In general, an enterprise will consist of many different tangible and abstract entities. There will be many complex relationships between them. In particular some of the entities within an enterprise will represent, or even model, other entities in it. It may be important to recognize a name independently of the entity it identifies. A delivery is an observable happening in a typical enterprise, and a delivery note is an important item of paperwork as evidence of that happening, but the two things are importantly different; whether it is desirable to model either or both of these in a particular context, there is certainly scope for confusion between the two. Another example is the concept of a contract. Typically the word may be interpreted as referring to a piece of paper, but it is a fundamental point of law that the contract is an abstract state of obligations between the parties involved. This exists independently of any piece of paper evidencing it. There are certain cases in English law where a written contact is required; however, the contract is still distinct from the piece of paper.

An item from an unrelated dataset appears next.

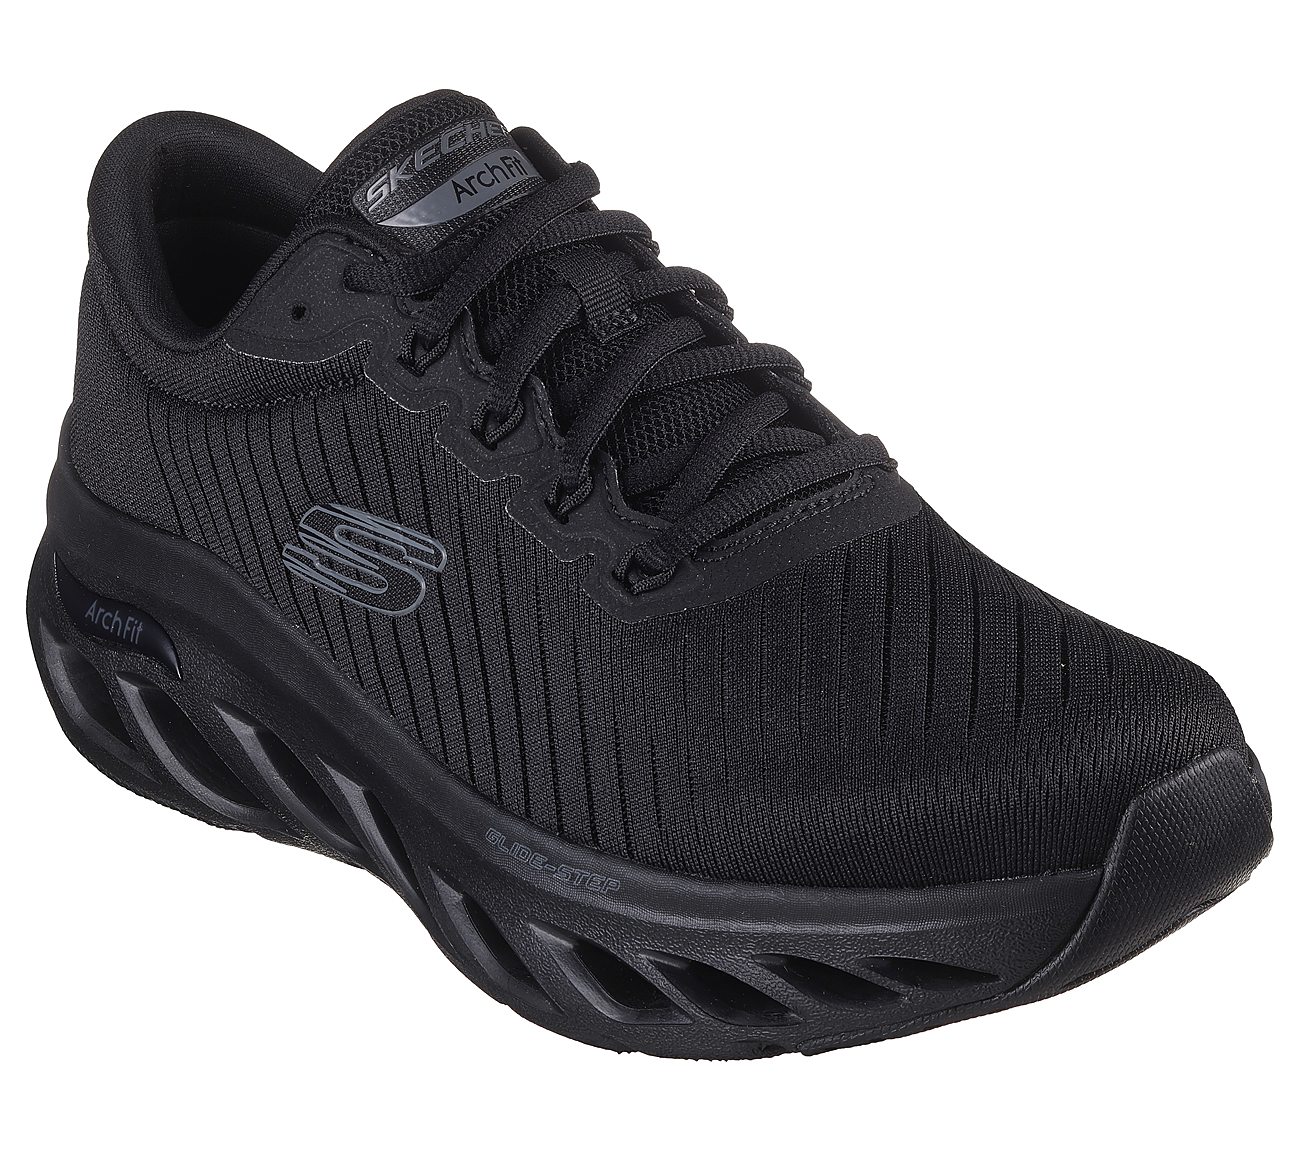 ARCH FIT GLIDE-STEP - KRONOS, BBLACK Footwear Right View

Depending on the purpose of any model, it is likely to be desirable to be able to model any of these aspects of an enterprise.

Information Systems

Any information system can be seen as essentially linguistic. That is to say, that it is capable of accepting some form of linguistic object as input and providing some form of linguistic output. The input and output may be separated to a greater or lesser extent in content, space, or time. Some information systems may also handle some "physical" input and output; for example, a baggage handling system may measure the force exerted by an item and express it a weight, it may then activate mechanisms to route different items to different physical locations. However, at some point very close to the physical input or output, there will be a linguistic representation corresponding closely with it. Therefore information systems essentially represent aspects of the enterprise they serve in the same way as any other linguistic object does.

Information systems contain many levels of representation. In physical terms, the user sees output on screen or printer as readable characters; in each case the characters are likely to be formed as a matrix of dots, and these in turn will be sequences of electronic signals recognized as a bit pattern. Within the memory of the system, the characters will exist as different patterns of eight bits, each unique pattern representing a letter of the alphabet, a numeral, or some other symbol; these same characters will be stored on magnetic disk or CD-ROM in yet other patterns. The programmer, will normally not be concerned with these different representations; he will be concerned with the name given to represent the area of memory for holding a string of characters with particular meaning. The database administrator will be concerned with the structure of the data in the data dictionary that determines the content and usage of the data. Mercifully, most of these levels of representation are invisible most of the time in using, and to a lesser extent in constructing, an information system. However, some of them, particularly the dictionary levels, can impinge on modelling activity.

Perhaps because of this complexity, and certainly influenced by the generality of database structures, there has been widespread use of models within the development of information systems. In particular, it has been commonplace to construct a model of the data of a system, and this in turn has been done in a way that is itself modelled; this second model is often referred to as a meta-model.

Modelling Challenges

We can now compare the challenge of modelling in the context of information systems with that of modelling in many other contexts. An architect's floor plan of a house is a relatively simple object compared with an information system; the most pedantic analysis would be required to multiple levels of representation within it. The house that it represents does not have parts of itself representing other parts; they are themselves with their particular functions, inherent or assigned. Thus, in this and in many other cases we have a simple picture of one thing modelling another with little or no question of other representations in the context under consideration.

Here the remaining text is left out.